El anhelo comunicado entre nos consistía en que el virus ojalá se llevara a cinco o seis millones “de negros, de peronistas”, lo que, en el contexto lingüístico argentino, significa más o menos lo mismo: la gente pobre. El caballero puesto al descubierto se llama Julio Carballo, aunque esto es en verdad irrelevante. Lo importante es recordar que a Juan Domingo Perón se lo sigue detestando hoy con toda el alma en determinados círculos sociales y políticos de la nación sureña, casi con la misma pasión de cuando vivía. Odio que respira.
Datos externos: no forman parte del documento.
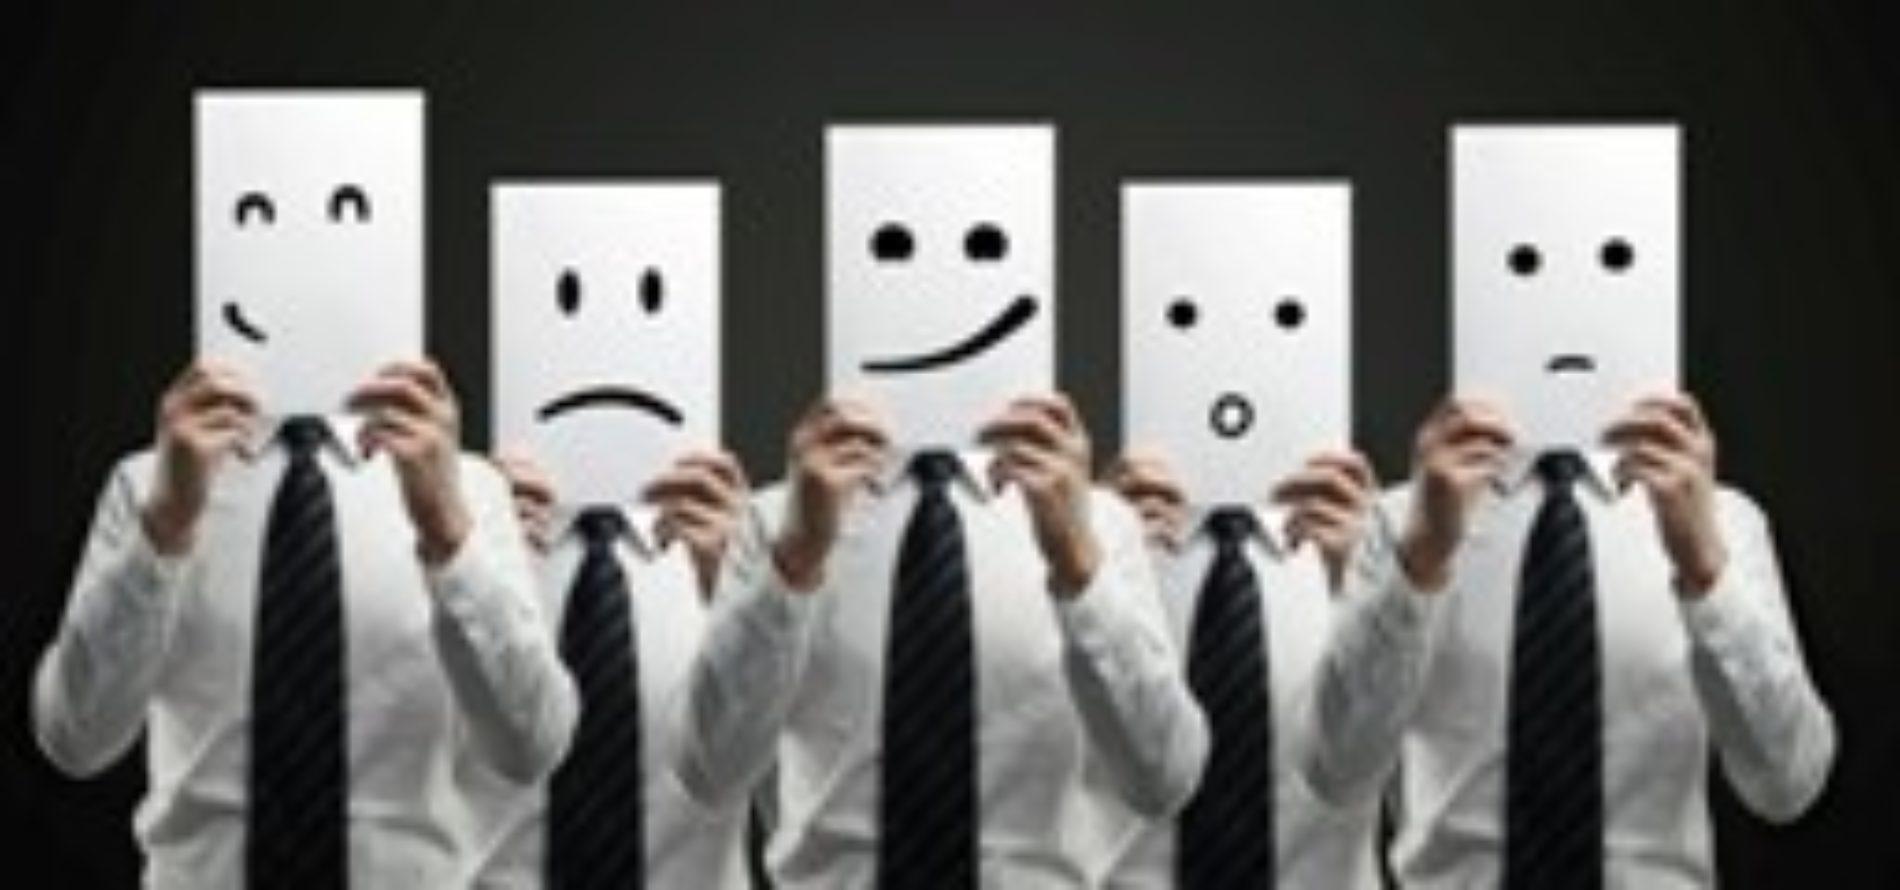 Контроль эмоций в переговорах

En 1987, trece años después de la muerte del caudillo y en plena campaña presidencial, desconocidos entraron al porteño Cementerio de la Chacarita a cortar y robar sus manos, o lo que quedaba de las famosas extremidades, sin que se hubieran olvidado de la espada y la gorra militar con las que se inhumó a aquel en el sepulcro familiar. Los profanadores exigían el pago de un rescate; no obstante, todo indica que ello era apenas una pantalla para encubrir su intención real. La investigación criminal siempre apuntó a que hubo muy seguramente cooperación de la inteligencia estatal en la maniobra; y, además, con el tiempo se estableció que no fue una simple coincidencia el hecho de que los que ahondaron en la cuestión fueron asesinados, o que se intentó su desaparición, durante los meses sucesivos, como si se tratara de una mala película de espías.

¿Por qué Perón?, ¿por qué atacarlo muerto?, ¿por qué a sus órganos? La mejor explicación es que la democracia argentina todavía padecía endeblez en ese entonces (se había restaurado en 1983), y existían quienes temían un nuevo advenimiento electoral de la izquierda que Perón mal que bien representó desde mediados del siglo XX, la que acaso se avistó rediviva en el justicialismo de Carlos Menem. El ataque a sus restos, por repugnante que parezca a algunos, implicaba la materialización de una amenaza indiscriminada (demostrar hasta dónde podían llegar sus autores), a la vez que una simbolización de la derrota del hombre carismático alrededor del cual tantos seguían unidos, en un Estado en que el dogmatismo ideológico nunca fue definitivo. Las manos de Perón eran su distintivo: con ellas saludaba, sonreía, mimaba al pueblo… Palmas abiertas que encarnaban cercanía.

Pero que se manipulara el cadáver de Perón no mostraba sino la insistencia en la venganza iniciada tres décadas y pico antes, con la canalla puesta en circulación, en tanto que moneda de cambio, del cuerpo embalsamado de su segunda esposa, Eva Duarte, fallecida por cáncer en 1952, a los treinta y tres años. Luego de ser momificado, expuesto, secuestrado, mutilado, accedido sexualmente (sí, tal cual), enterrado en Europa, desenterrado, se embovedó finalmente en 1976 en el distinguido Cementerio de la Recoleta, un vecindario poco peronista que solo pudo protestar sil.